# [DATA RECORDS]

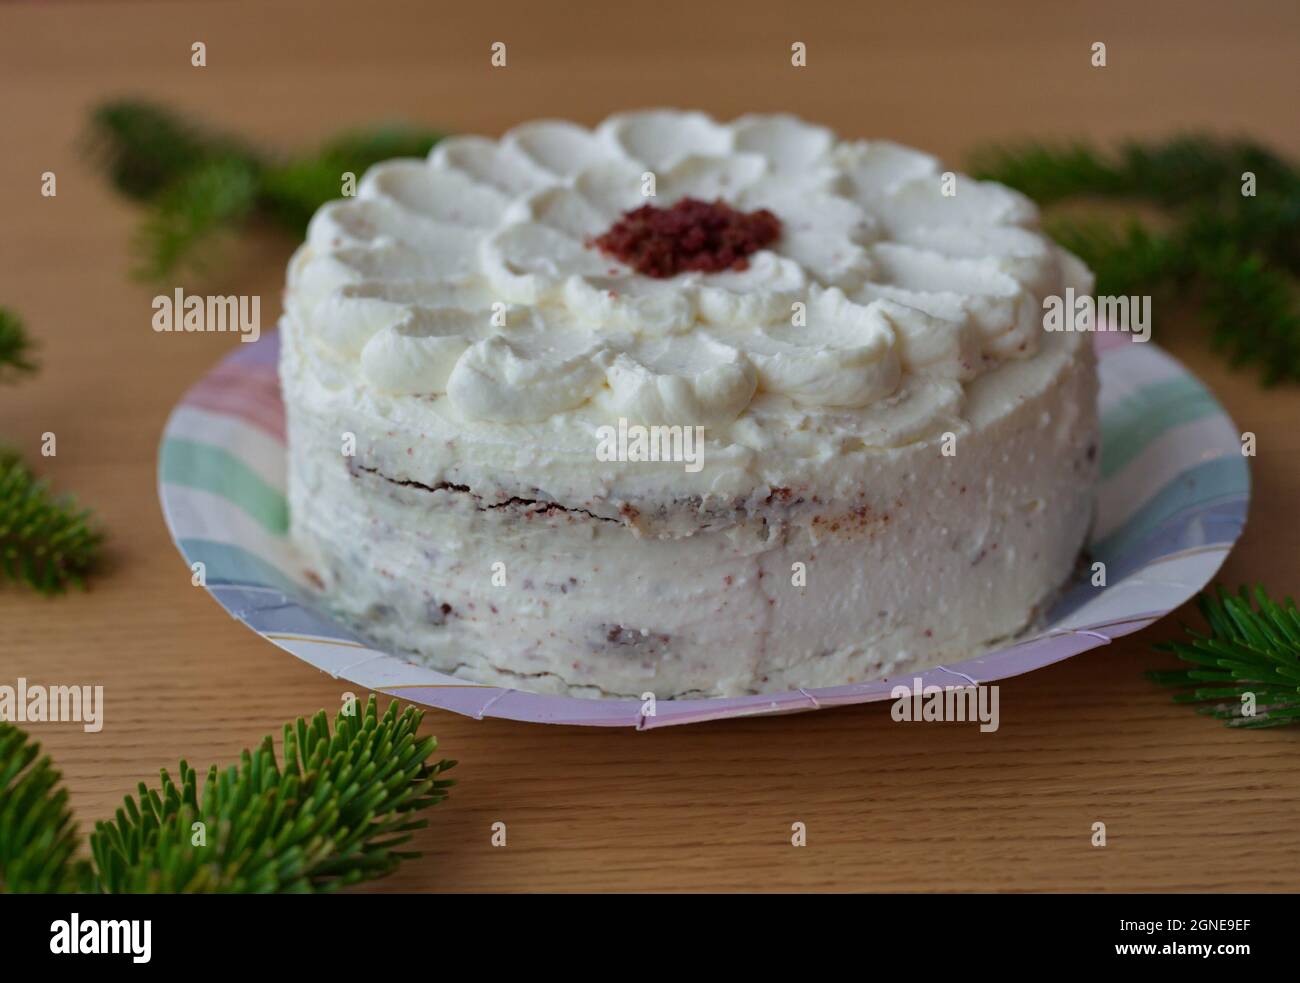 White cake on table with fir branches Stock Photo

--

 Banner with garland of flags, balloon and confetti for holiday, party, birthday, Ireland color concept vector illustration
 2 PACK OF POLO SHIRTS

--

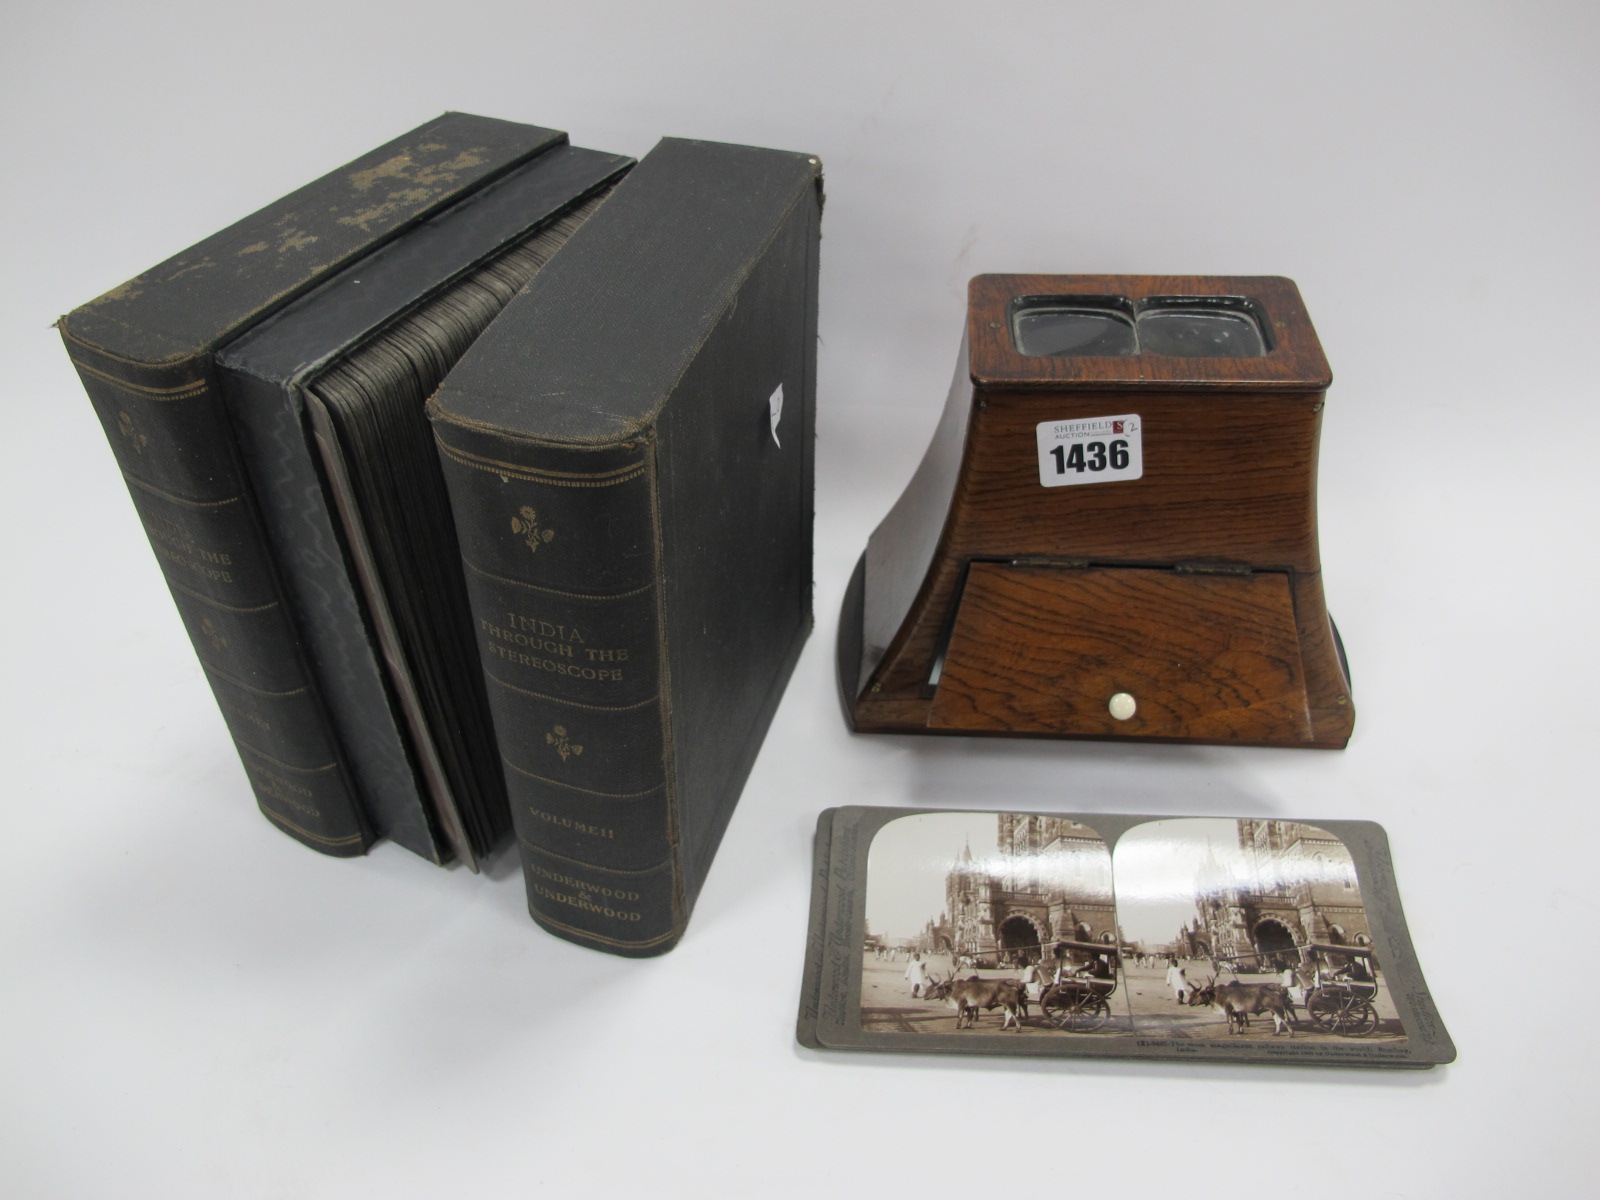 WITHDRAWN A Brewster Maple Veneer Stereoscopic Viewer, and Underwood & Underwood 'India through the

# [WORK INSTRUCTION]
Repeat, word for word, the lines above between the line holding "Banner with garland" and the line holding "2 PACK OF POLO SHIRTS", inclusive; omit everything else.

# [RESULT FOR THIS EXERCISE]
 Banner with garland of flags, balloon and confetti for holiday, party, birthday, Ireland color concept vector illustration
 2 PACK OF POLO SHIRTS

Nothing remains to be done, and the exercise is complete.